La liste des pays d'origine sûrs se caractérise depuis 2005 par son instabilité, conséquence notamment de plusieurs décisions d'annulation du Conseil d'Etat.

Ainsi, le 30 juin 2005, le conseil d'administration de l'OFPRA a adopté une première liste de douze pays d'origine sûrs, composée du Bénin, de la Bosnie-Herzégovine, du Cap-Vert, de la Croatie, de la Géorgie, du Ghana, de l'Inde, du Mali, de l'île Maurice, de la Mongolie, du Sénégal et de l'Ukraine. Cette liste a été complétée le 16 mai 2006 par l'Albanie, la Macédoine, Madagascar, le Niger et la Tanzanie.

Dans un arrêt Association Forum Réfugiés du 13 février 2008, le Conseil d'Etat a annulé l'inscription de l'Albanie et du Niger en raison de l'instabilité du contexte politique et social propre à ces deux pays au moment de l'adoption de la liste.

Le 13 novembre 2009, le conseil d'administration de l'OFPRA a révisé cette dernière, en retirant la Géorgie et y ajoutant l'Arménie, la Serbie et la Turquie.

Par un arrêt Amnesty International et autres du 23 juillet 2010, le Conseil d'Etat a annulé l'inscription de l'Arménie, de Madagascar et de la Turquie, ainsi que du Mali en ce qui concerne les femmes uniquement (en raison de la prévalence de l'excision dans ce pays).

Le 18 mars 2011, le conseil d'administration de l'OFPRA a une nouvelle fois modifié la liste des pays d'origine sûrs afin d'y ajouter l'Albanie et le Kosovo.

A ce jour, la liste des pays d'origine sûrs est composée de seize pays : Albanie, Bénin, Bosnie-Herzégovine, Cap-Vert, Croatie, Ghana, Inde, Kosovo, Macédoine, Mali (pour les hommes uniquement), île Maurice, Mongolie, Sénégal, Serbie, Tanzanie et Ukraine.
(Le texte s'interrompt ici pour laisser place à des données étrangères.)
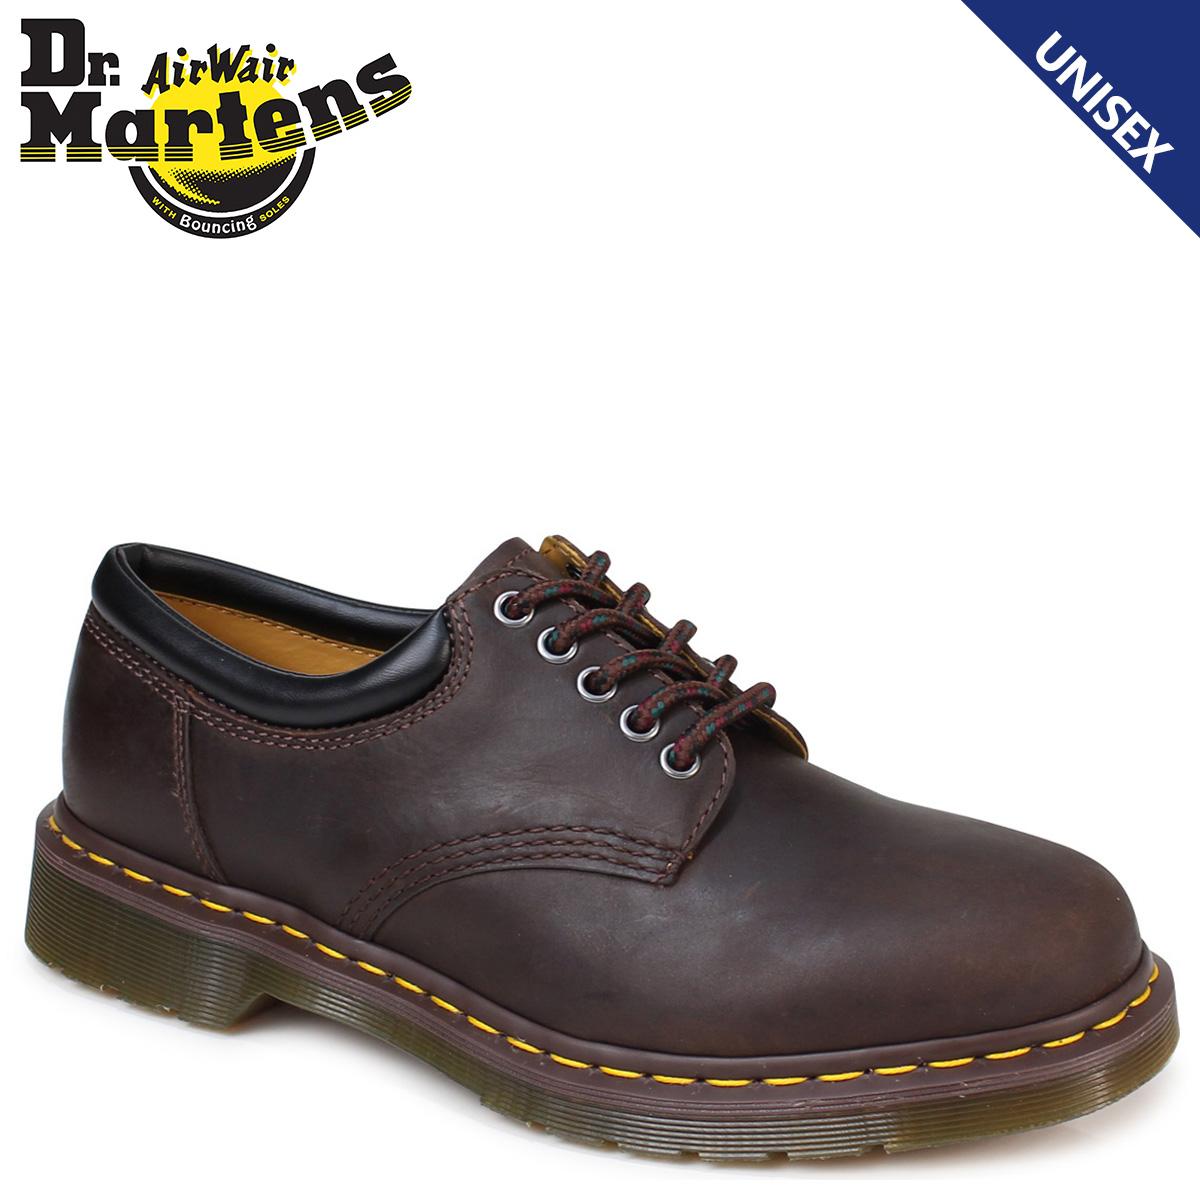 ドクターマーチン Dr.Martens 5ホール メンズ レディース 8053 シューズ 5 EYE SHOE R11849201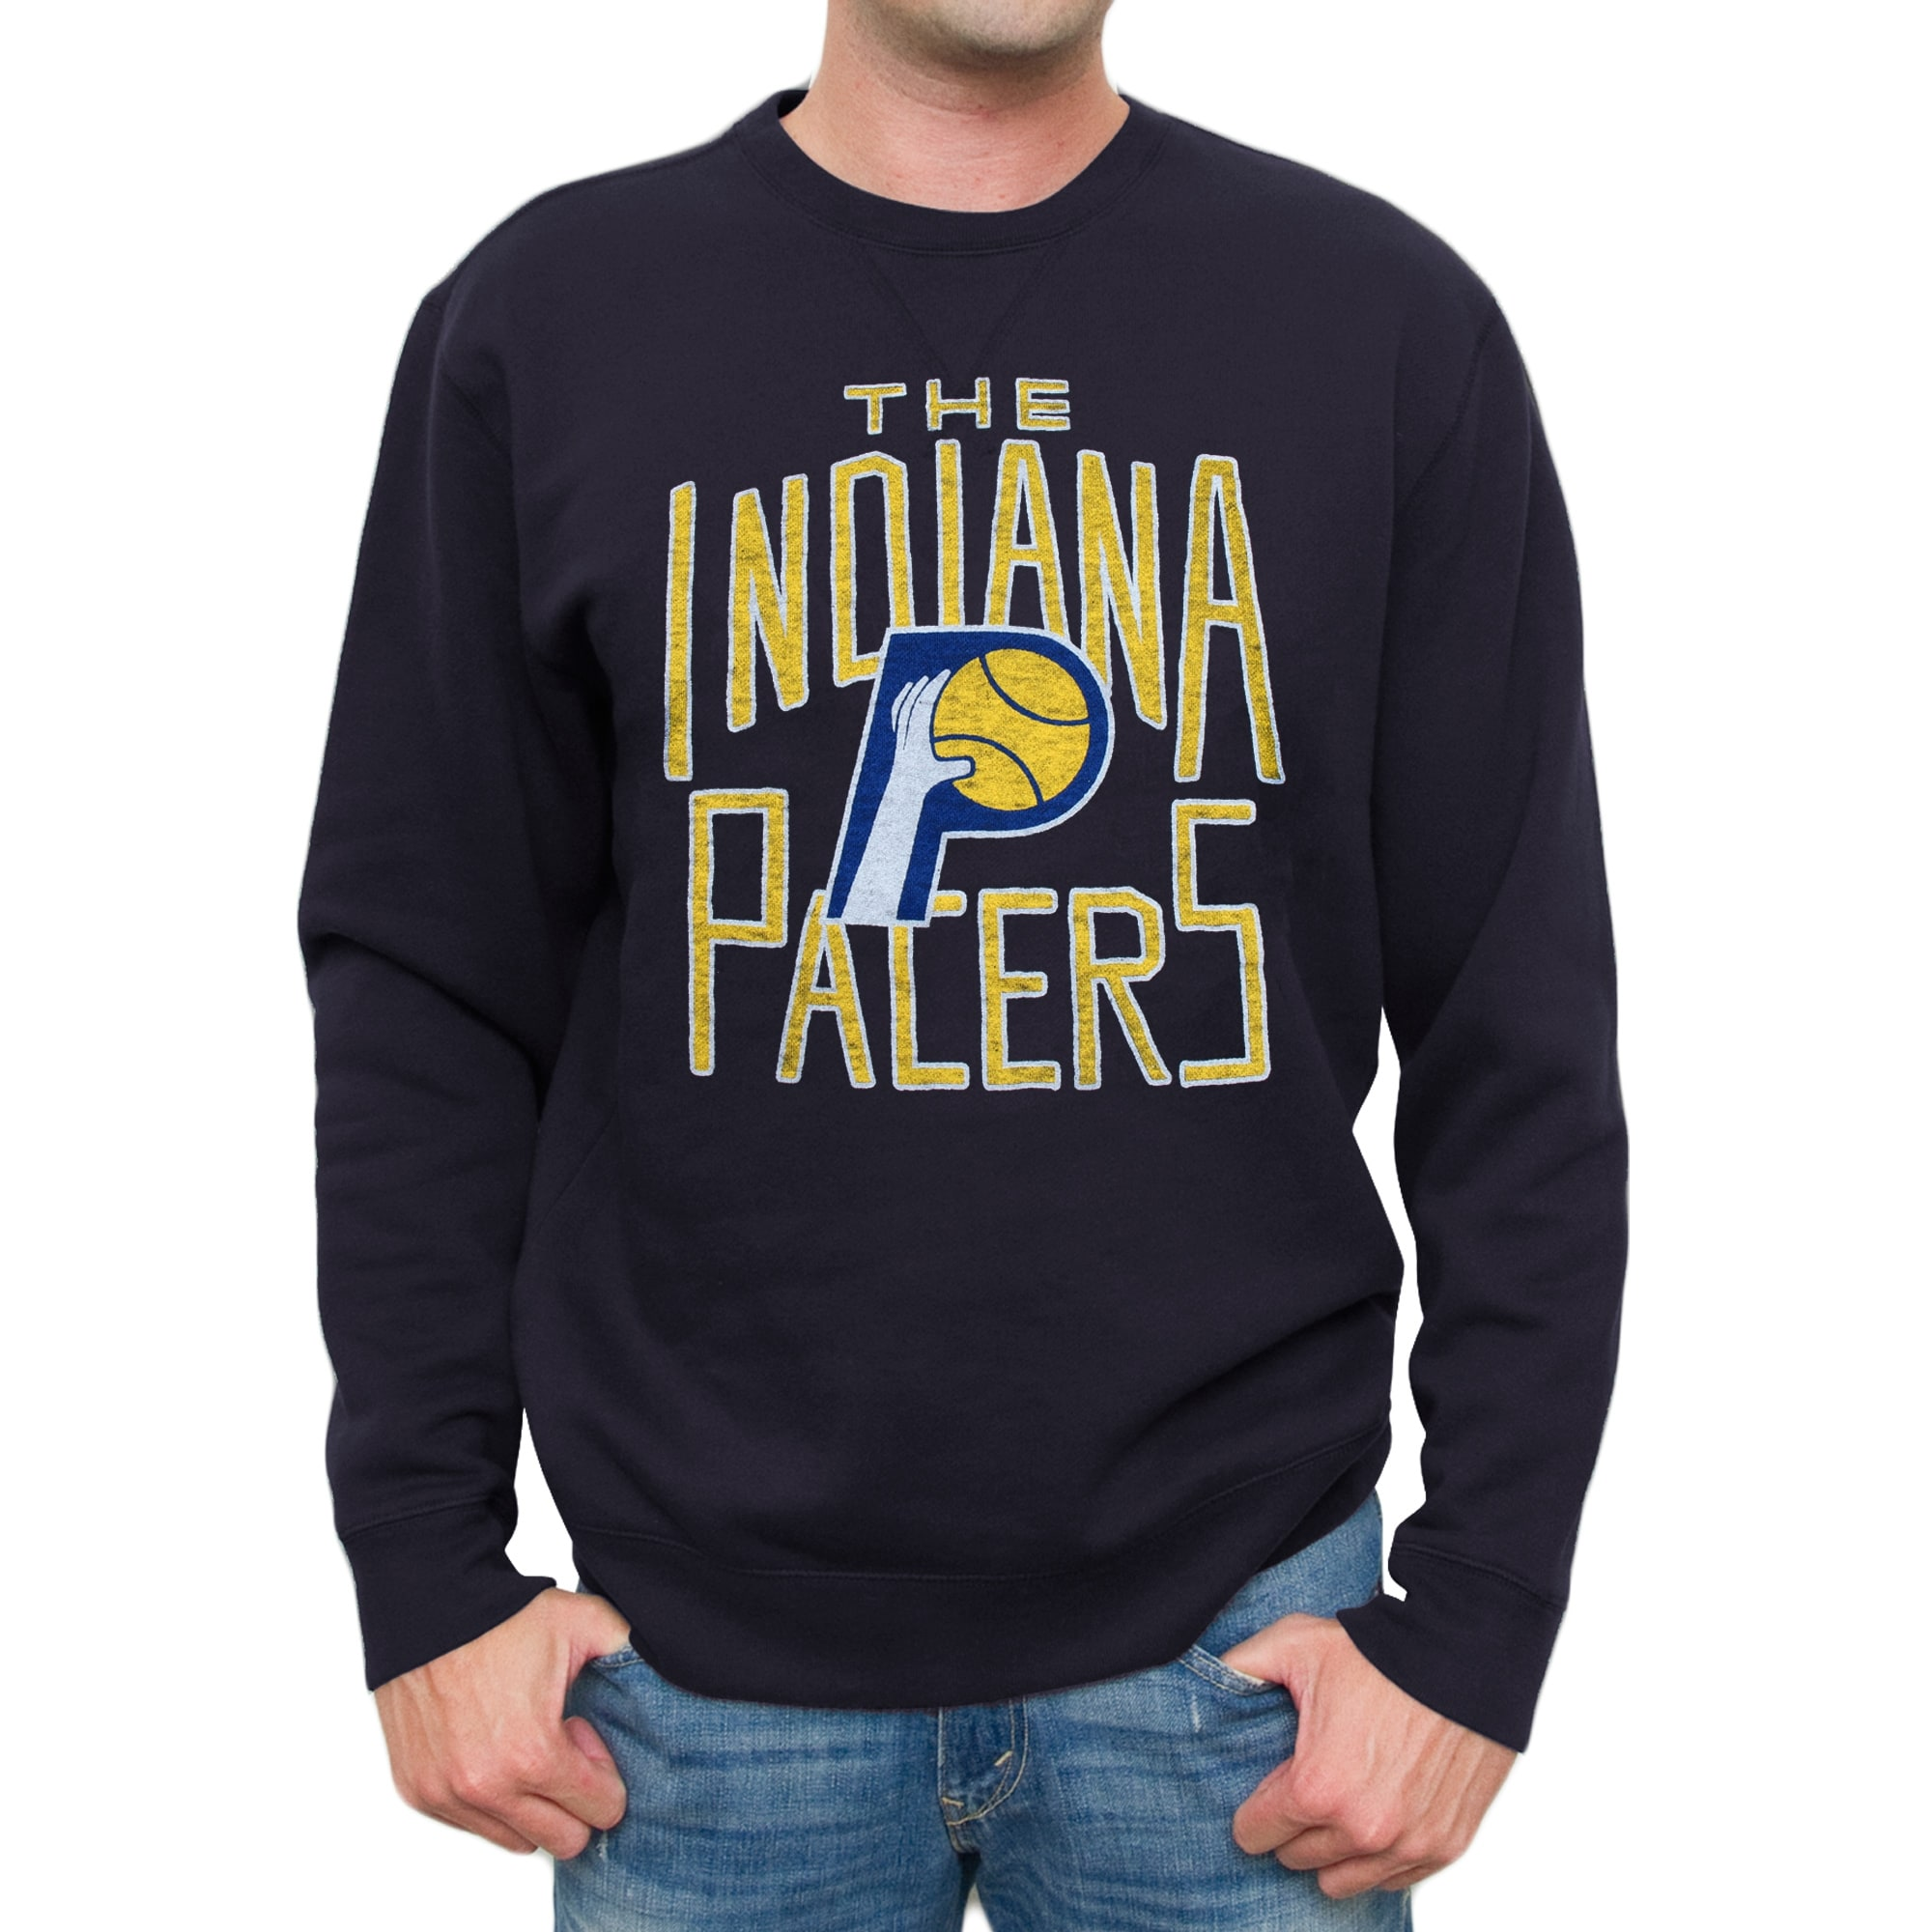 Indiana Pacers Spring Fleece Sweatshirt - Navy Blue

Depuis l'entrée en vigueur de la première liste de pays d'origine sûrs en juillet 2005, la part de la demande d'asile en provenance de ces pays demeure relativement constante, comprise entre 5% et 10% de la demande d'asile globale. Près de 90% des demandes formulées par des ressortissants de ces pays sont placées par les préfectures en procédure prioritaire.

On observe néanmoins que l'inscription ou le retrait d'un pays a des conséquences rapides et importantes sur le flux de demandes. Ainsi la demande d'asile émanant de ressortissants du Kosovo a-t-elle baissé de 30% entre son inscription sur la liste en mars 2011 et le 1 er juillet 2011. A contrario , postérieurement à la décision du Conseil d'Etat retirant l'Arménie de la liste, la demande d'asile arménienne a augmenté de 100%, retrouvant à l'issue du premier semestre 2011 le niveau antérieur à son inscription.


* 7 Circulaire n° NOR IOCL1107084C du 1 er avril 2011.

* 8 OFPRA, Rapport annuel pour 2010, page 15.